Hi, I tried to use your database construction method on the qwen-7b model ( The "vocab_size" of the qwen-7b model is 151936), and then tested it with the human-eval data set. I found that almost none of the draft tokens retrieved from the database were correct.
code:
from datasets import load_dataset
# from transformers import AutoTokenizer
from tokenization_qwen import QWenTokenizer
import draftretriever
from tqdm import tqdm
import argparse
parser = argparse.ArgumentParser()
parser.add_argument(
"--model-path",
type=str,
default="/home/models/qwen-7b",
help="The path to the weights. This can be a local folder or a Hugging Face repo ID.",
)
parser.add_argument(
"--large-datastore",
type=bool,
default=False,
help="Whether to use a large datastore",
)
args = parser.parse_args()
print(args)
tokenizer = QWenTokenizer.from_pretrained(args.model_path)

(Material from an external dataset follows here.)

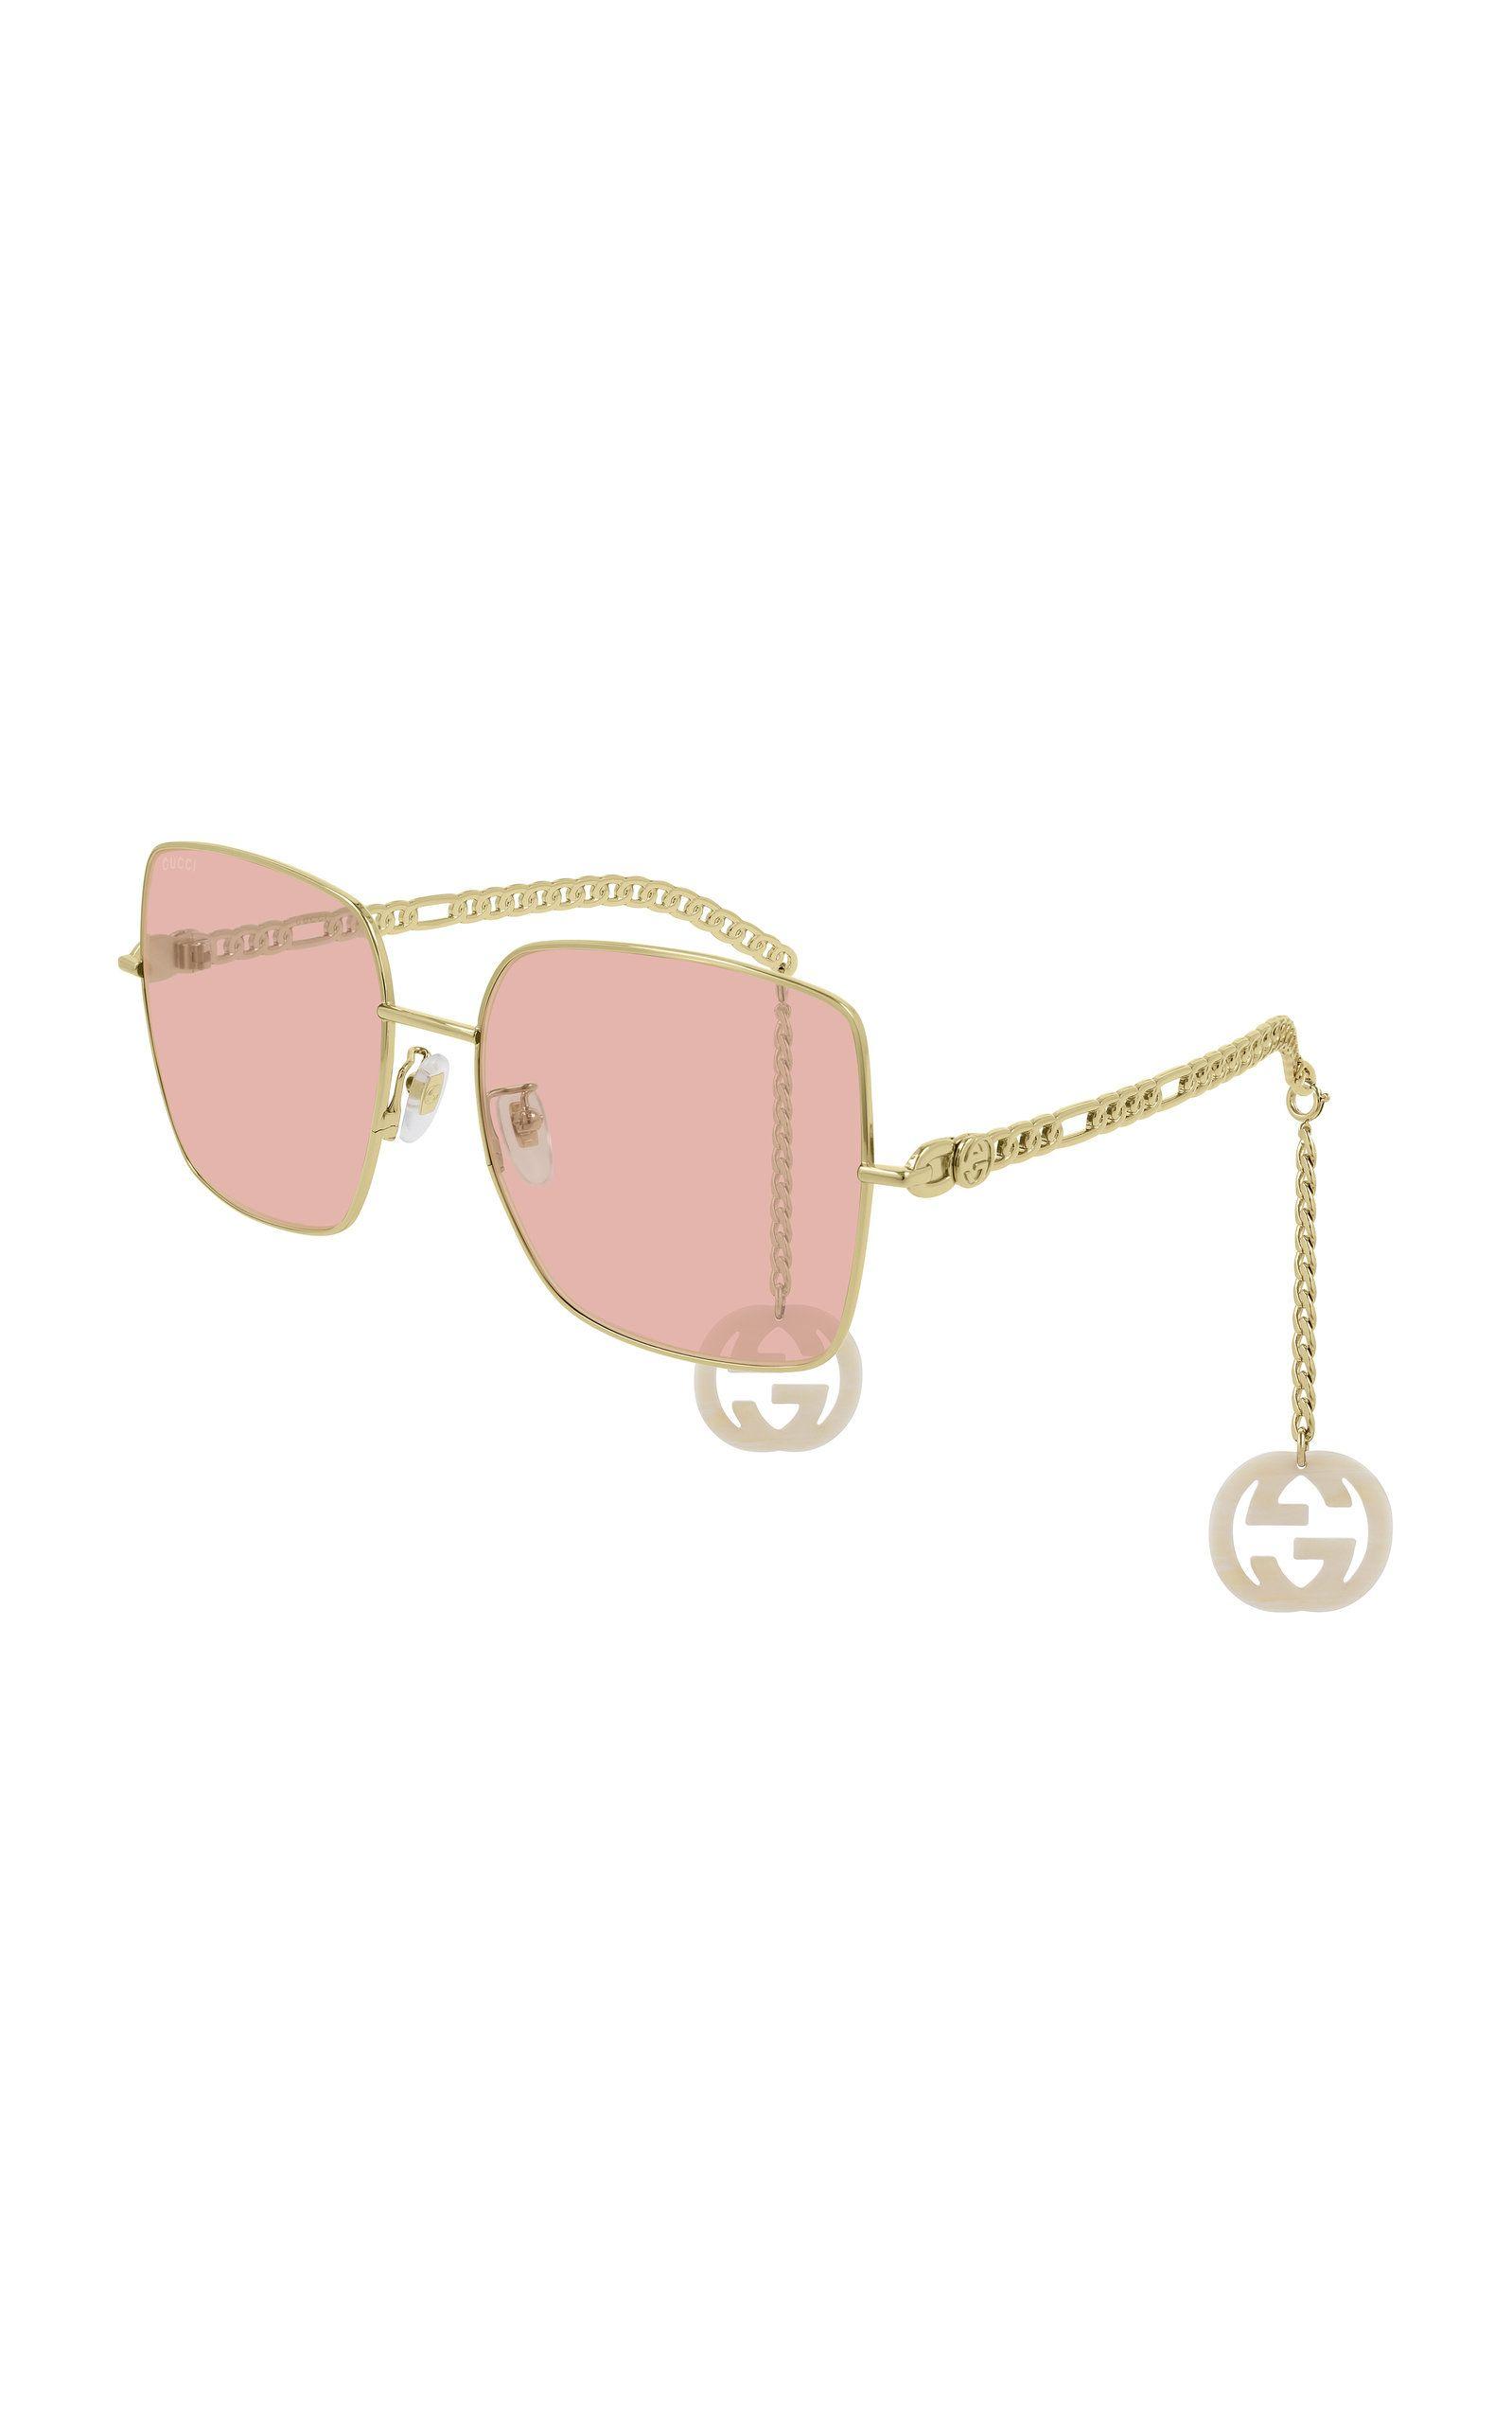 Chain Detailed Square Frame Sunglasses By Gucci Now Available On Moda Operandi Sunglass Frames Sunglasses Glasses Fashion

segment = 1 # Maximum number of segment: 144
data_files = []
for i in range(segment):
if i>=100:
data_files.append(f"data-00{i}-of-00144.parquet")
elif i >=10:
data_files.append(f"data-000{i}-of-00144.parquet")
else:
data_files.append(f"data-0000{i}-of-00144.parquet")
print("data_files:", data_files)
dataset = load_dataset('bigcode/the-stack-dedup', data_dir='data/python', split='train', data_files=data_files)
datastore_path = './datastore_stack_large.idx' if args.large_datastore else f'./datastore_stack_small_the-stack-dedup_python_0_{segment-1}.idx'
writer = draftretriever.Writer(
index_file_path=datastore_path,
max_chunk_len=512 * 1024 * 1024,
vocab_size=tokenizer.vocab_size,
)
total_length = len(dataset)
print("number of samples: ", total_length)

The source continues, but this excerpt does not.